Booker likewise did not champion full-scale Medicare for all when asked about it on Monday by CBS News.
“A lot of people use that term and there’s differentiation about what they actually believe,” Booker said.
Asked to clarify Booker’s position, a spokesperson listed six different bills that the New Jersey senator has co-sponsored, ranging from Sanders’s bill to creating a public option on the ObamaCare exchanges to letting employers and individuals buy into Medicare if they choose.
The spokesperson did not say which one Booker prefers or would prioritize if he were elected president.
Former Rep. Beto O’Rourke (D-Texas), another possible candidate who energized Democrats last year during his ultimately unsuccessful Senate bid, is also walking a fine line.
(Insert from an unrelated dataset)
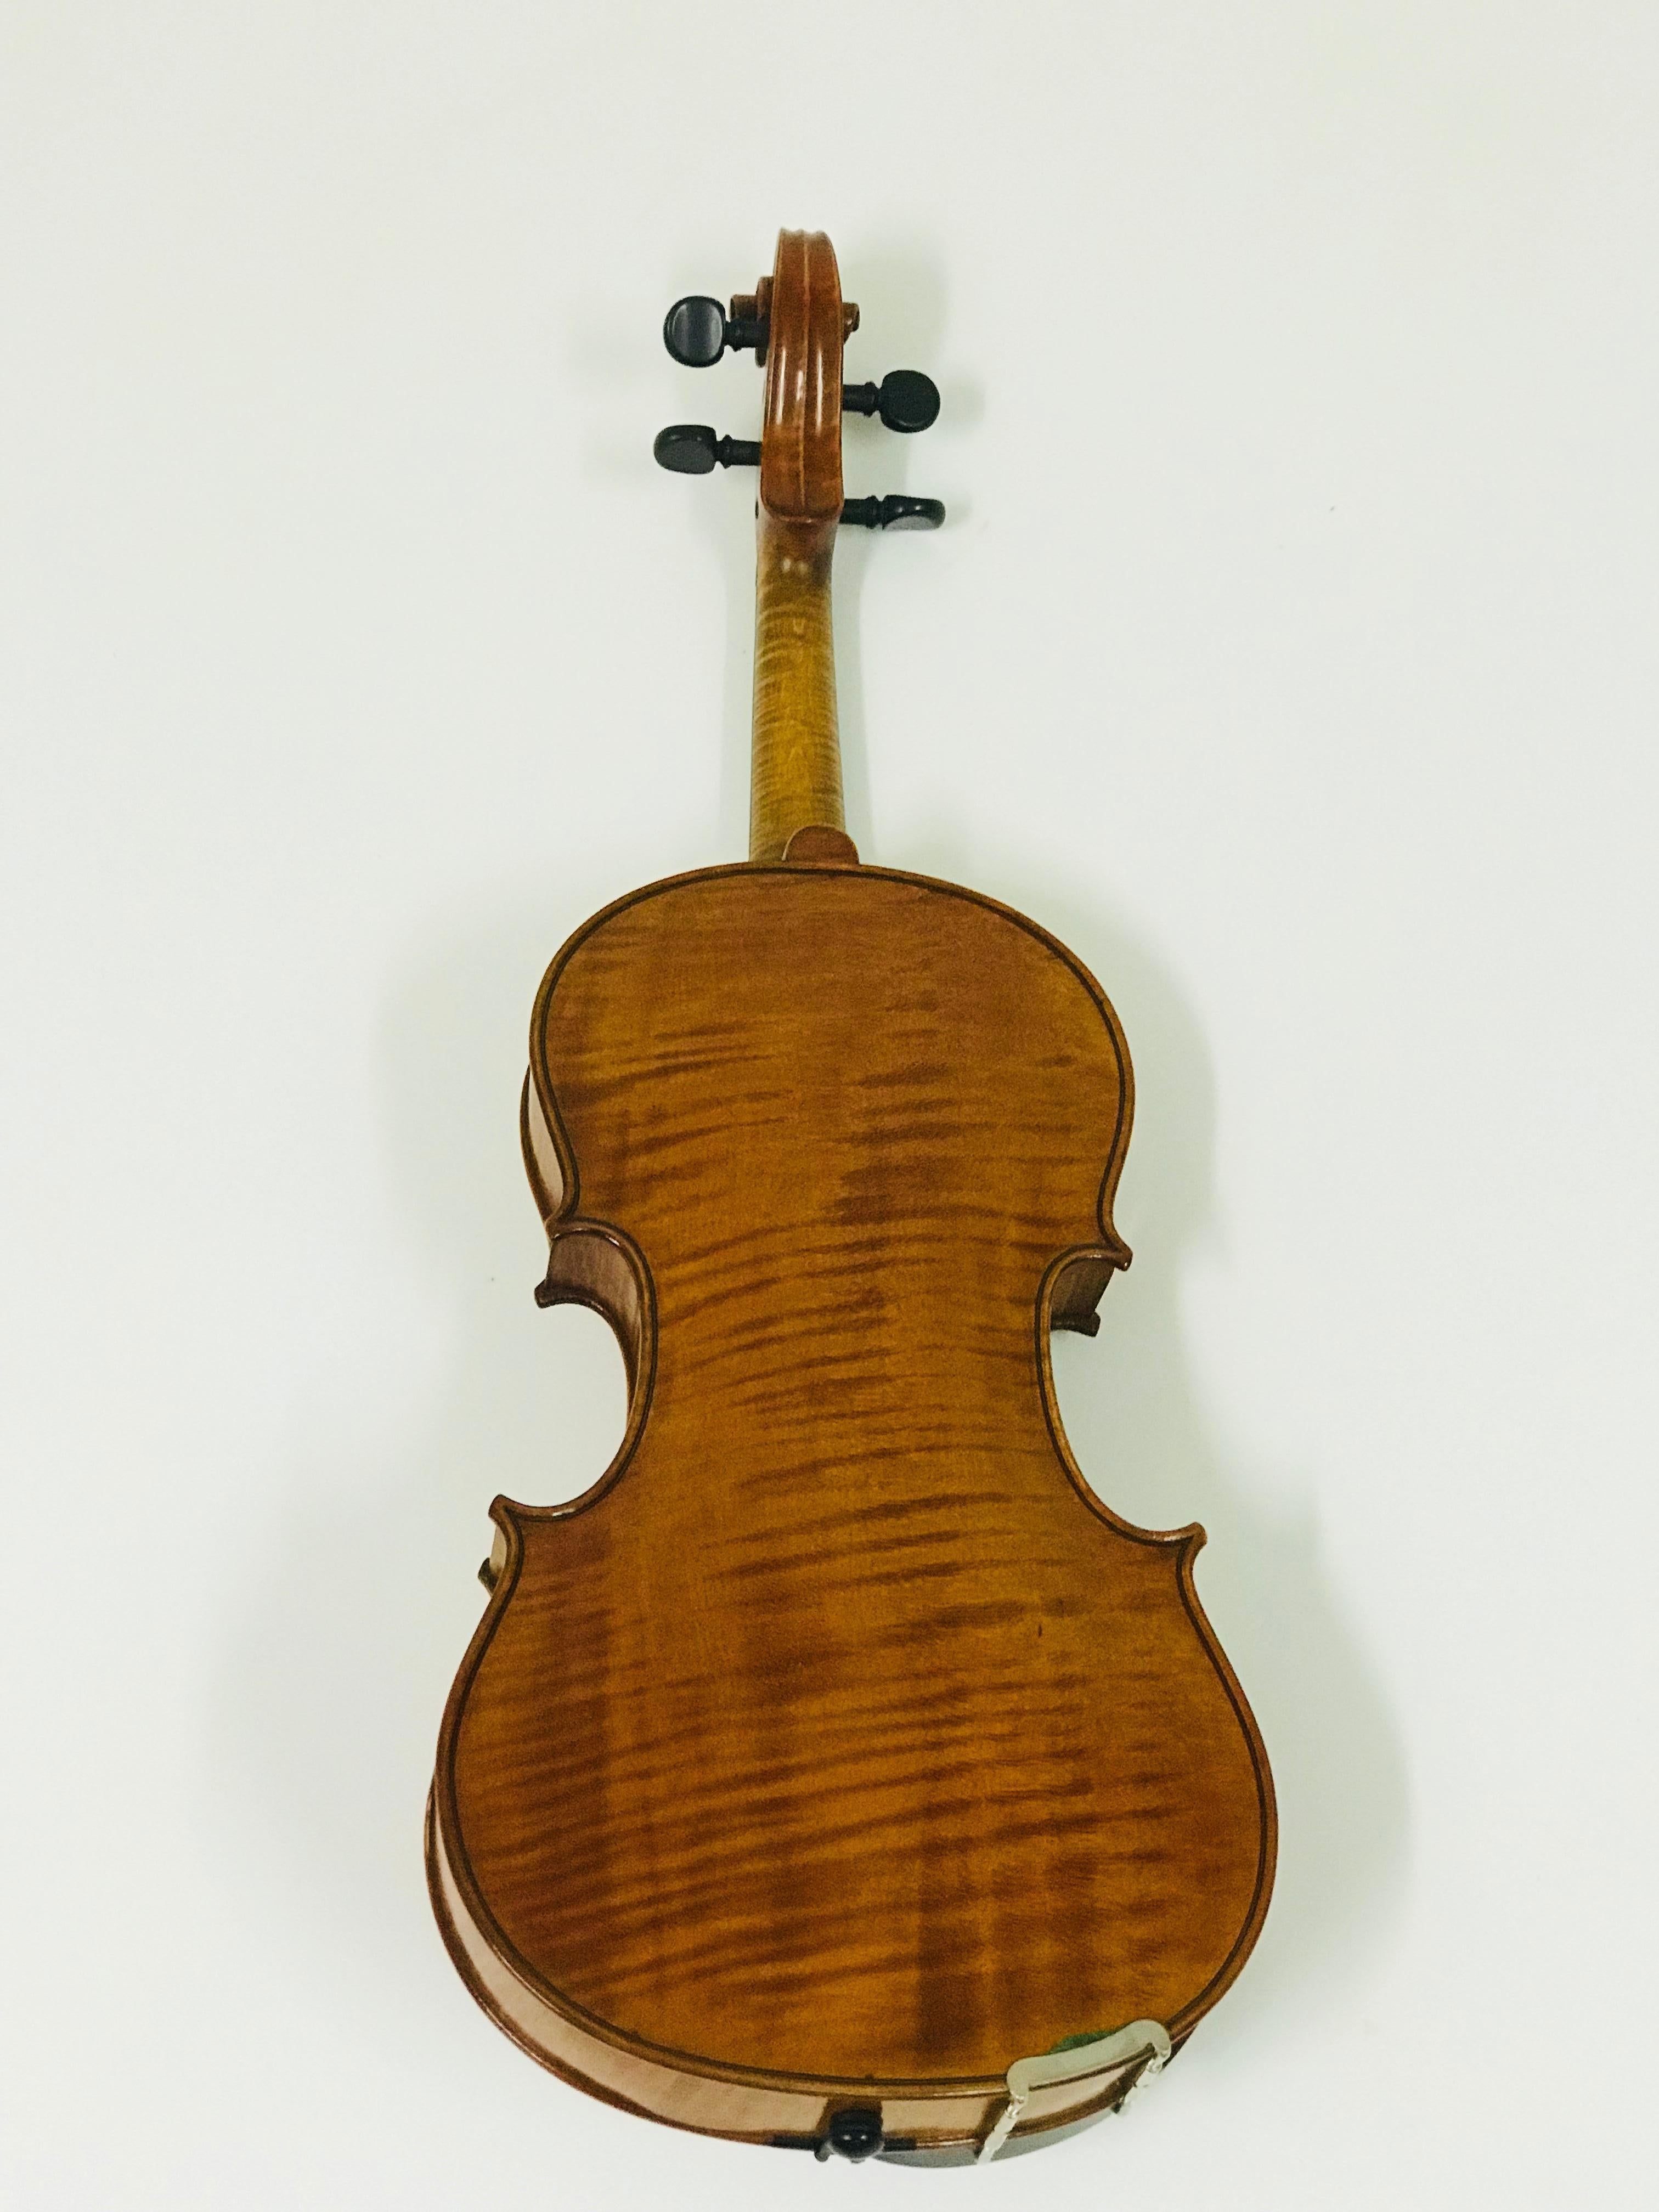 This extremely nice violin was made by Fritz Mönnig about the year 1923 in Markneukirchen in Germany. Mönnig made the violin with amazing color smooth tone. The author's violin is charakterized by excellent work. The back part is 35.6 cm.

He called for a single-payer system in a 2017 Facebook post, but his Senate campaign website the following year was less firm, calling for “achieving universal healthcare coverage — whether it be through a single payer system, a dual system, or otherwise.”
Sen. Kirsten Gillibrand (D-N.Y.), another White House hopeful, said in a statement to The Hill that she supports a single-payer system and Sanders’s bill and wants to have a transition period where anyone could buy into Medicare.
“We must offer Medicare for all,” she said on Wednesday.
Some Democrats who have not expressed any White House ambitions say it’s not a problem that they have several competing ideas at this stage.
“I’ve signed on for Medicare for all. Bernie has signed on for the Medicaid public option,” said Sen. Brian Schatz (D-Hawaii), referring to his bill that would allow people to buy into Medicaid. “I think the idea is we’ve got lots of paths when it comes to health care and we should just have a hearing.”
Getting any of the Democratic plans on health care over the finish line will likely prove challenging. Democrats would have to win back the Senate, as well as the White House, to give their proposals a chance of passing, assuming they keep control of the House.
Even then, Democrats might have to abolish the filibuster rule in the Senate, a significant step many in the party do not want to take, in order to prevent their bills from being blocked by a Republican minority.
A Democratic president could also choose to spend their time and political capital prioritizing a different policy area, like combating climate change.
Brown, for his part, is laying the groundwork for a potential run by touting his populism and connection to the working class, and in doing so he has pushed back on the migration toward Medicare for all that’s more commonplace among the other Democratic contenders.
The smaller step of letting people buy into Medicare at age 55, Brown said during a visit to Iowa last week, is “about helping people now,” and it “might be able to get through Congress.”
“I’m going to talk about what’s practical and we can make happen,” Brown said. “If that makes me different from the other candidates, then so be it.”
At the other end of the Democrats’ political spectrum, Sanders dismissed the idea of taking incremental steps.
“Clearly, if we want a health care system which guarantees health care for all people, and if you want to do it in a cost-effective way, the solution is a Medicare for all, single-payer program,” Sanders told The Hill on Monday.
Asked if he thought some Democrats were worried about pushback for embracing his call to eliminate almost all private insurance coverage, Sanders said, “I think you should talk to some Democrats.”
“But let me just say this: There is a reason why the United States is the only major country on earth not to guarantee health care for all,” he added. “My guess is that as we continue to make progress in Medicare for all, you will see the drug companies and the insurance companies spending many, many hundreds of millions of dollars in opposition.”